Data extracted from a collection
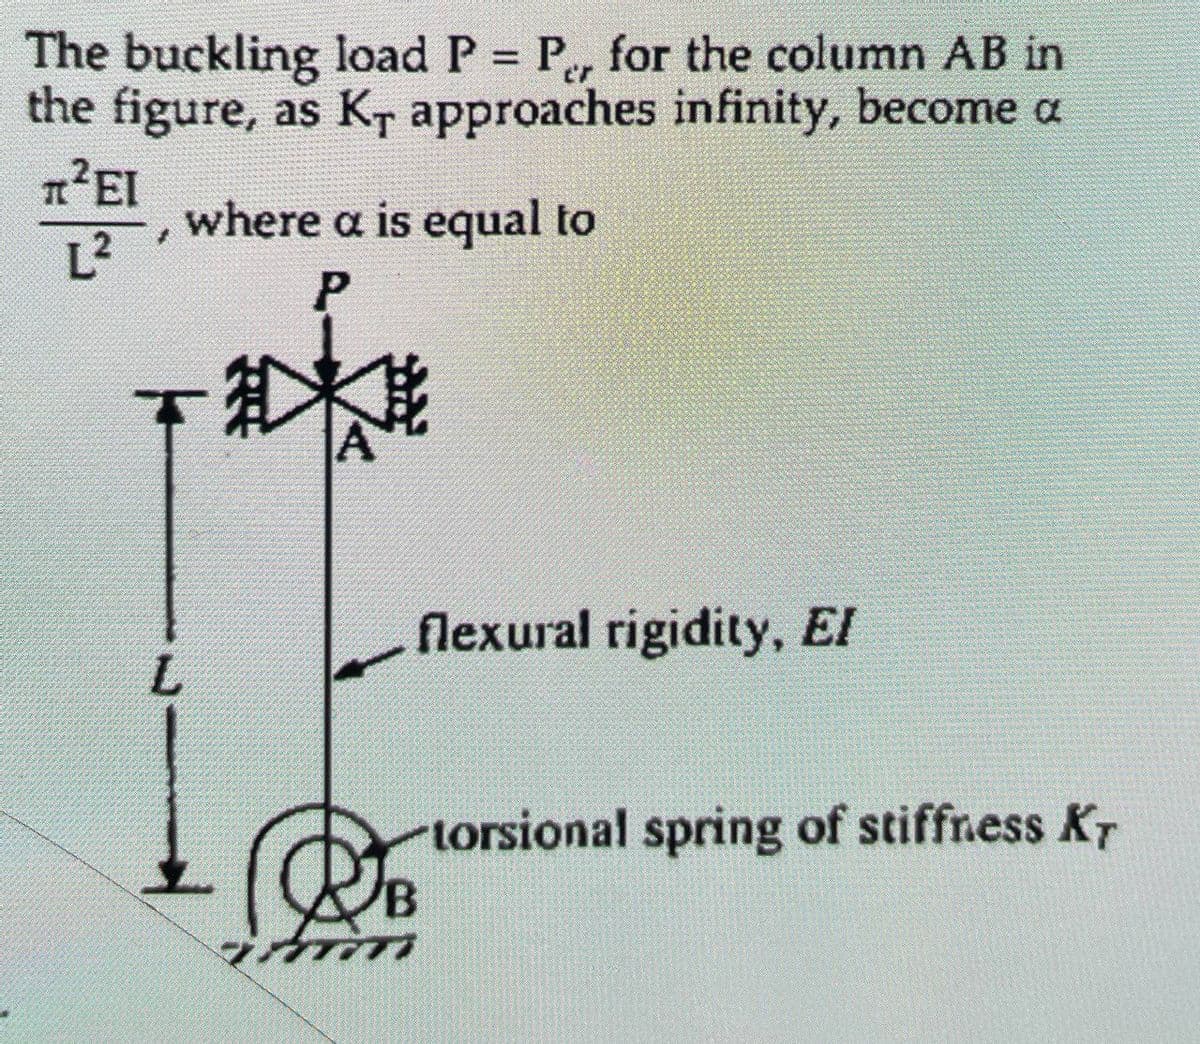 The buckling load P = P, for the column AB in
the figure, as Kr approaches infinity, become a
π²EI
L²
L
where a is equal to
P
flexural rigidity, El
DB
imm
torsional spring of stiffness Kr
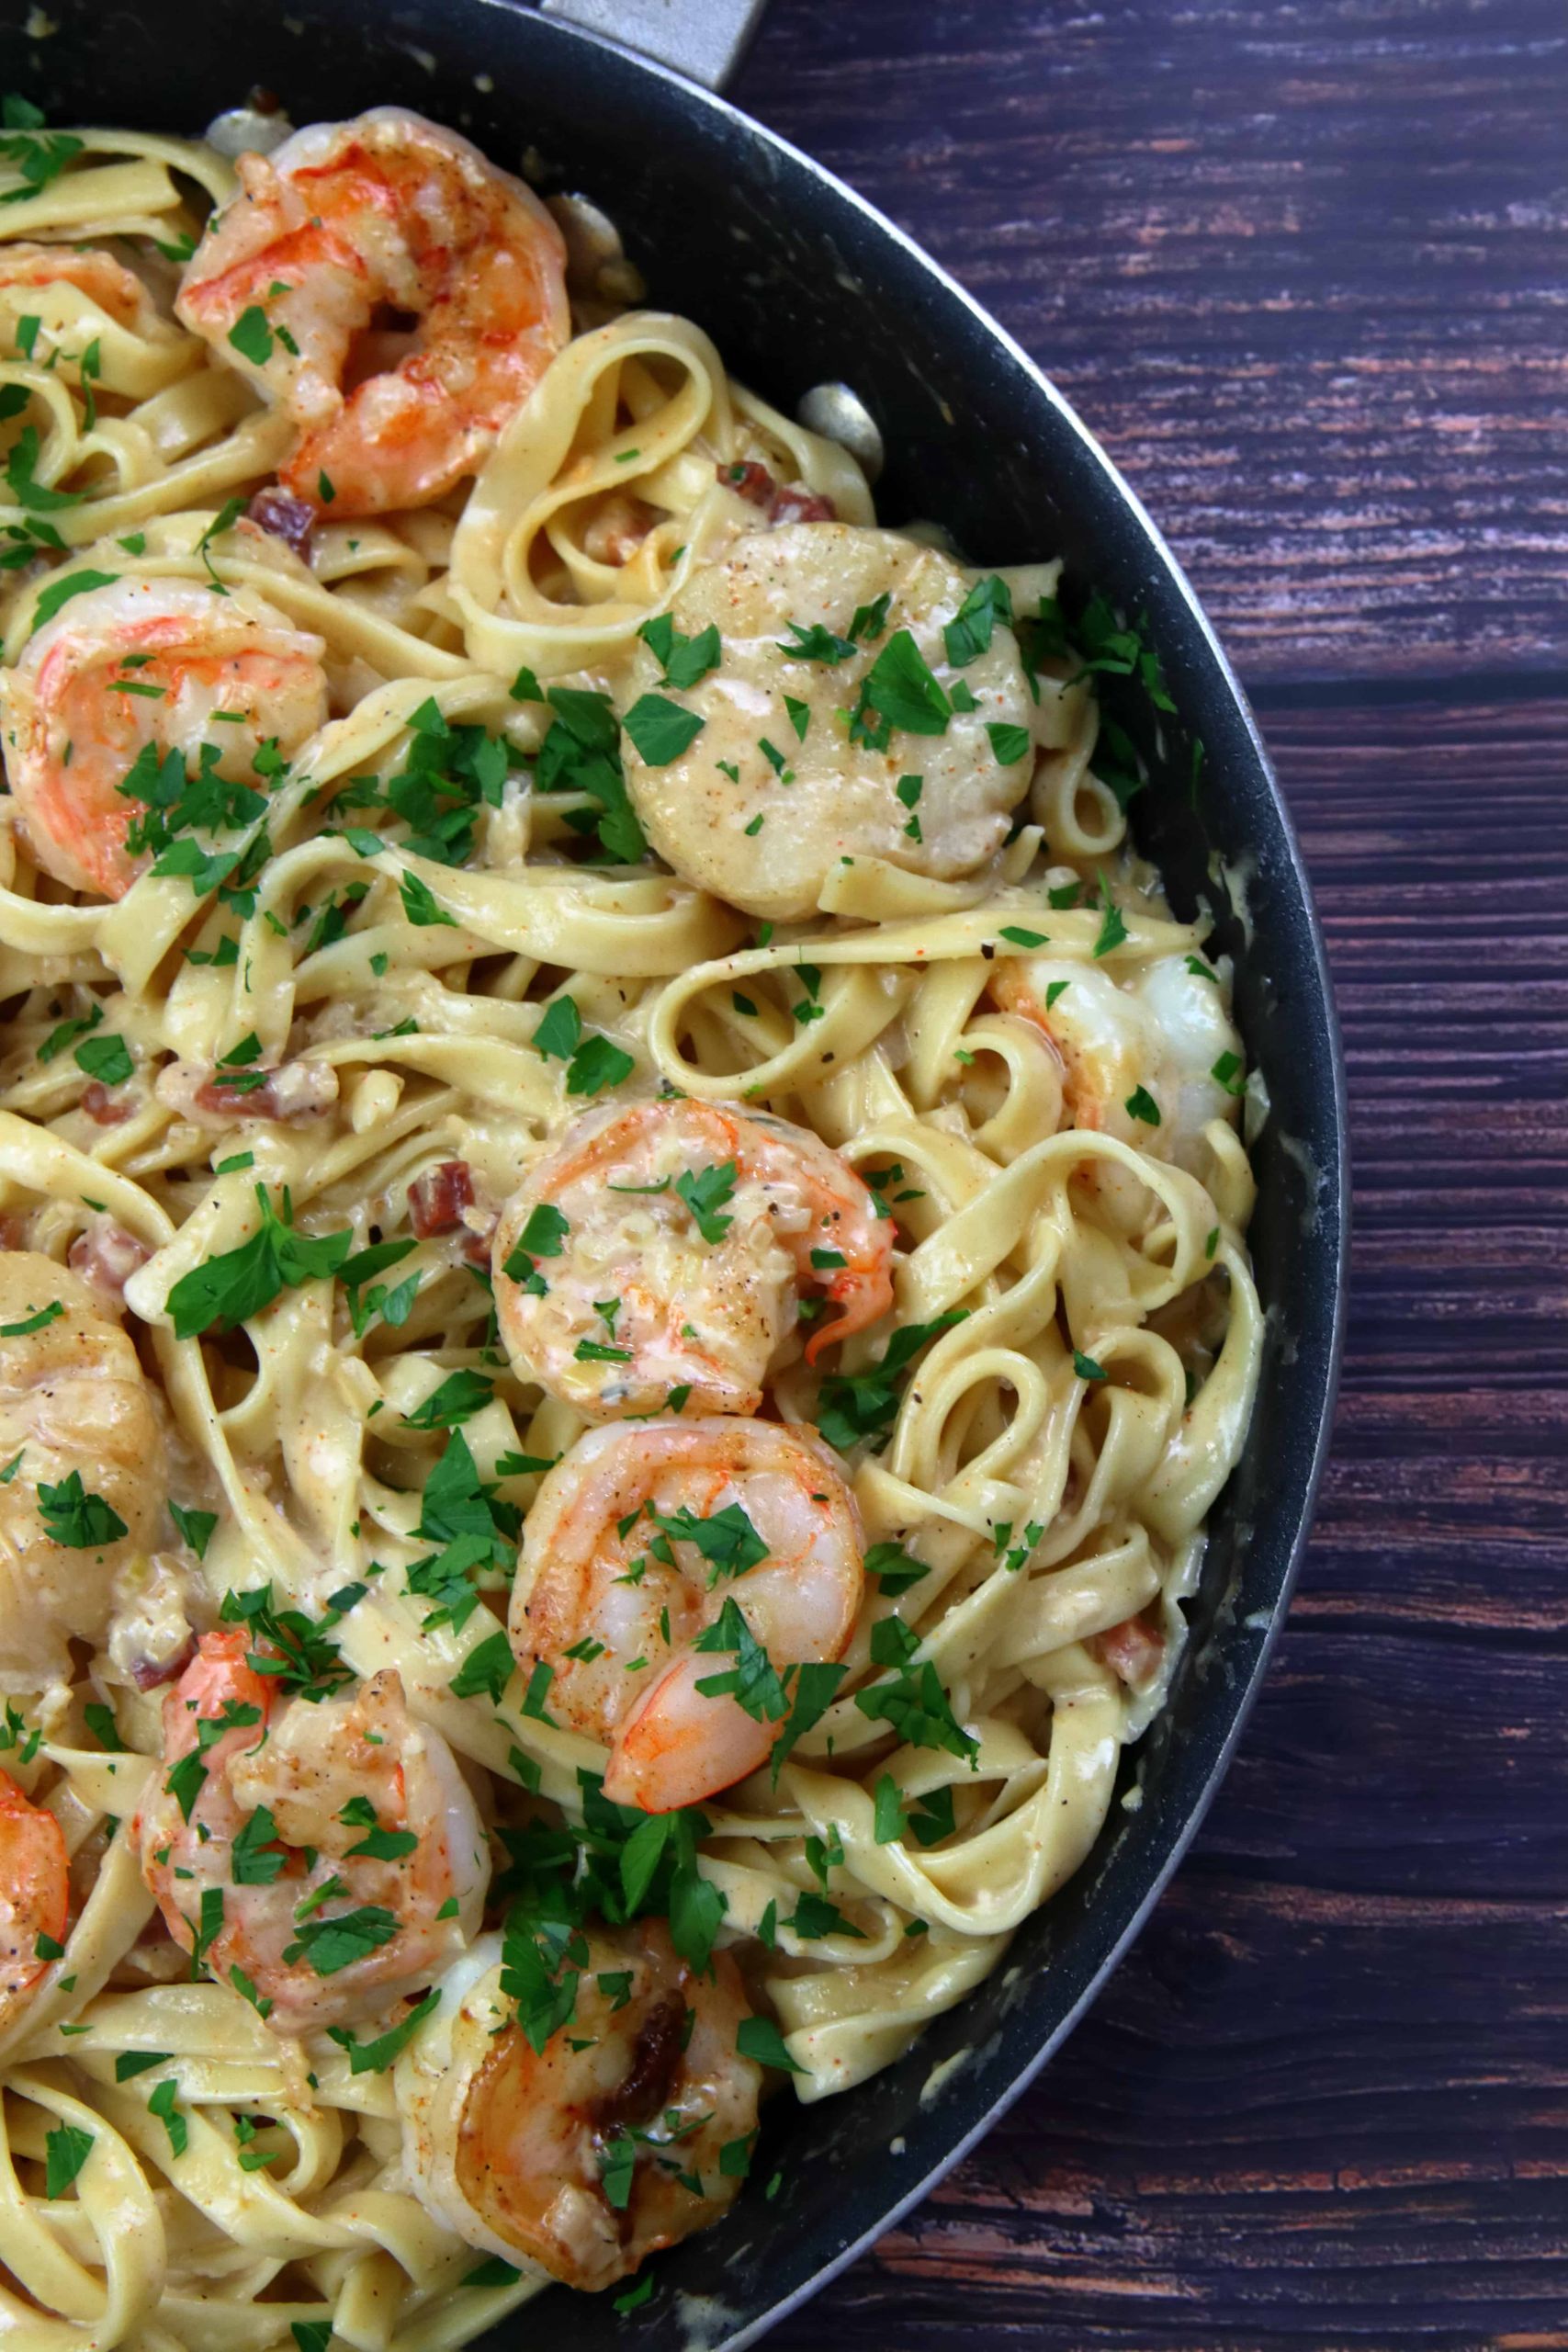 15 Amazing Shrimp and Scallop Pasta with White Wine Sauce

WHAT YOU ARE ASKED TO DO: In your copy, include every record word for word but no pictures.

EXPECTED ANSWER:
 The buckling load P = P, for the column AB in
the figure, as Kr approaches infinity, become a
π²EI
L²
L
where a is equal to
P
flexural rigidity, El
DB
imm
torsional spring of stiffness Kr
 15 Amazing Shrimp and Scallop Pasta with White Wine Sauce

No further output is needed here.